Another way to capture non-linear relationships is to create polynomial features. This involves creating new features that are powers of the original features. For example, if we have a feature x, we can create a new feature (x^2). This would allow the model to learn a quadratic relationship between x and the target. We can also create higher-order polynomial features, such as (x^3) and (x^4), to capture more complex non-linear relationships.

In addition to creating powers of individual features, we can also create interaction terms between polynomial features. For example, if we have two features x and y, we can create a new feature that is the product of (x^2) and (y^2). This would allow the model to learn a more complex, non-linear interaction between x and y.

The Bias-Variance Trade-off

When creating feature interactions and polynomial features, it is important to be mindful of the bias-variance trade-off. By adding more features to the model, we are increasing its complexity. This can lead to a decrease in bias, as the model is better able to fit the training data. However, it can also lead to an increase in variance, as the model is more likely to overfit the training data and perform poorly on new, unseen data.

To avoid overfitting, it is important to use a regularization technique, such as L1 or L2 regularization. Regularization adds a penalty term to the loss function that discourages the model from learning large coefficients.
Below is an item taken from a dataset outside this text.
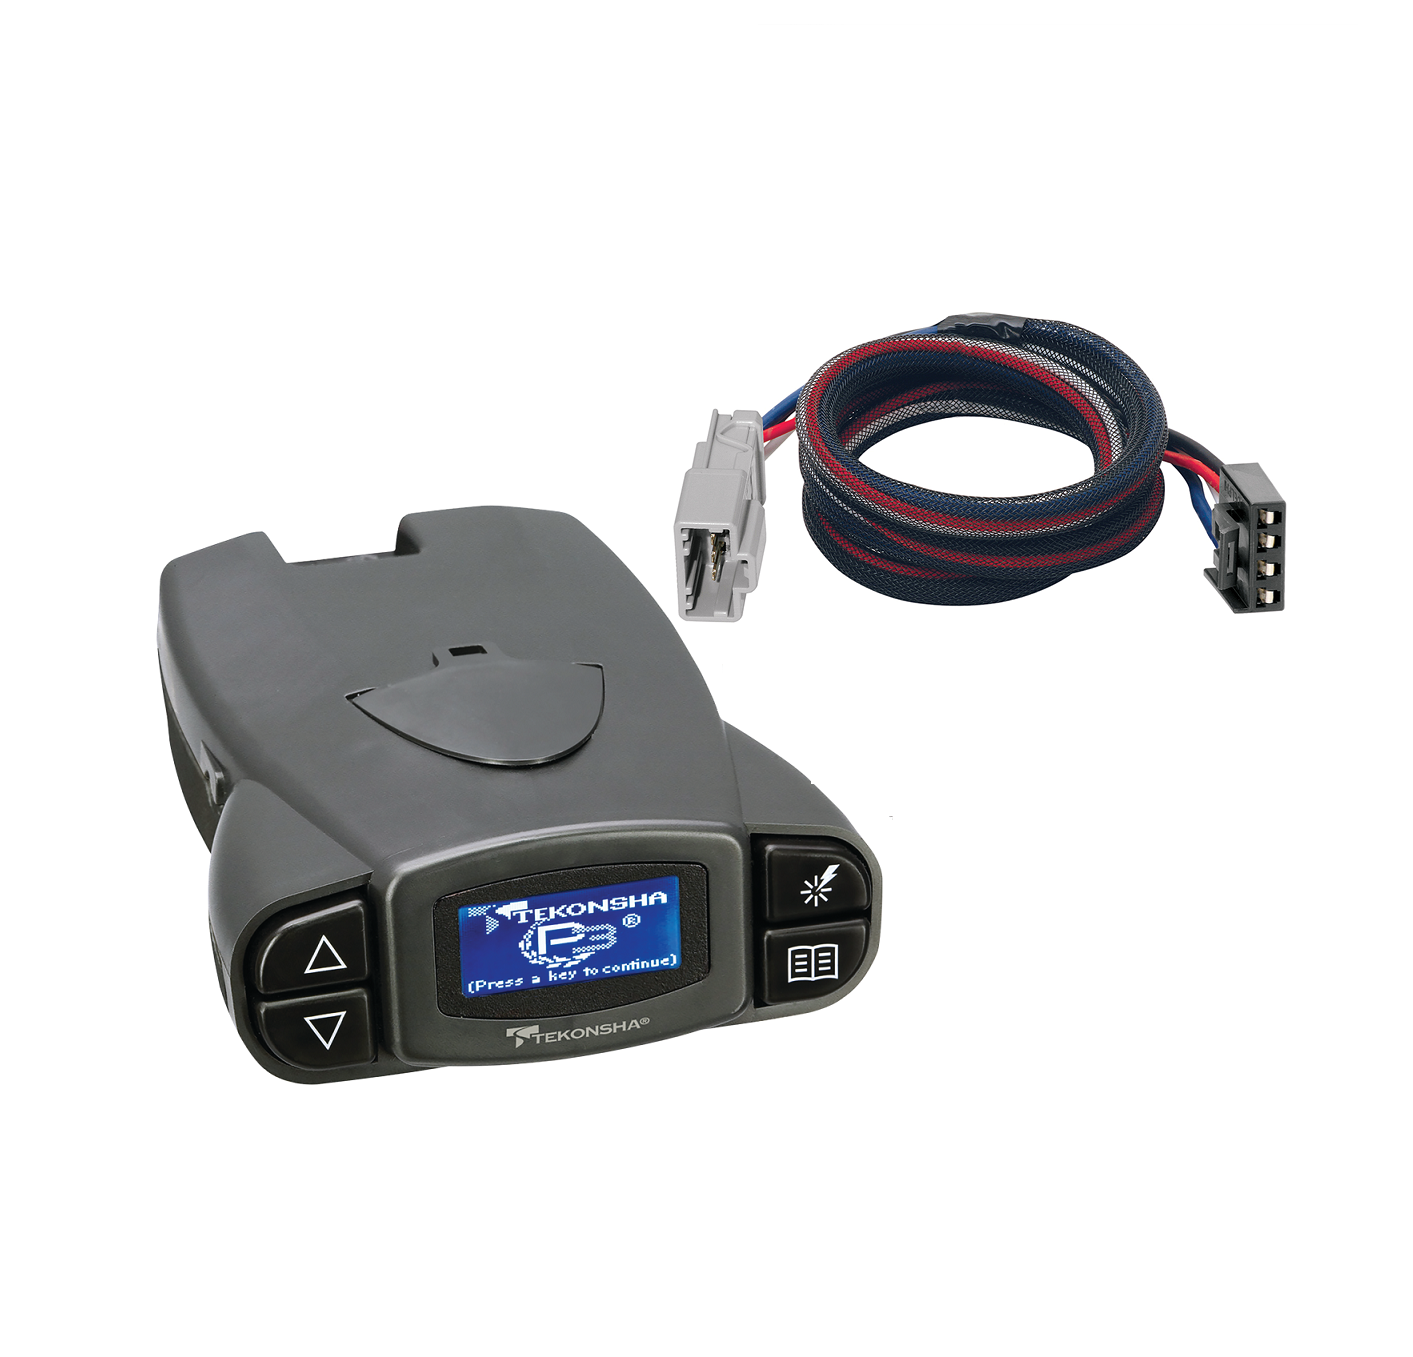 2009-2024 Honda Pilot 3070 Tekonsha Prodigy P3 Proportional Brake Controller for Trailers with 1-4 Axles 90195 w/ Plug-N-Play Wire

This can help to reduce the variance of the model and improve its generalization performance.

Conclusion

Feature interaction and polynomial feature creation are effective techniques for extending linear models to capture non-linear relationships. By creating new features that are combinations of the original features, we can allow the model to learn more complex, non-linear relationships between the features and the target. However, it is important to be mindful of the bias-variance trade-off and to use a regularization technique to avoid overfitting. When used correctly, these techniques can be a valuable addition to any machine learning practitioner's toolkit.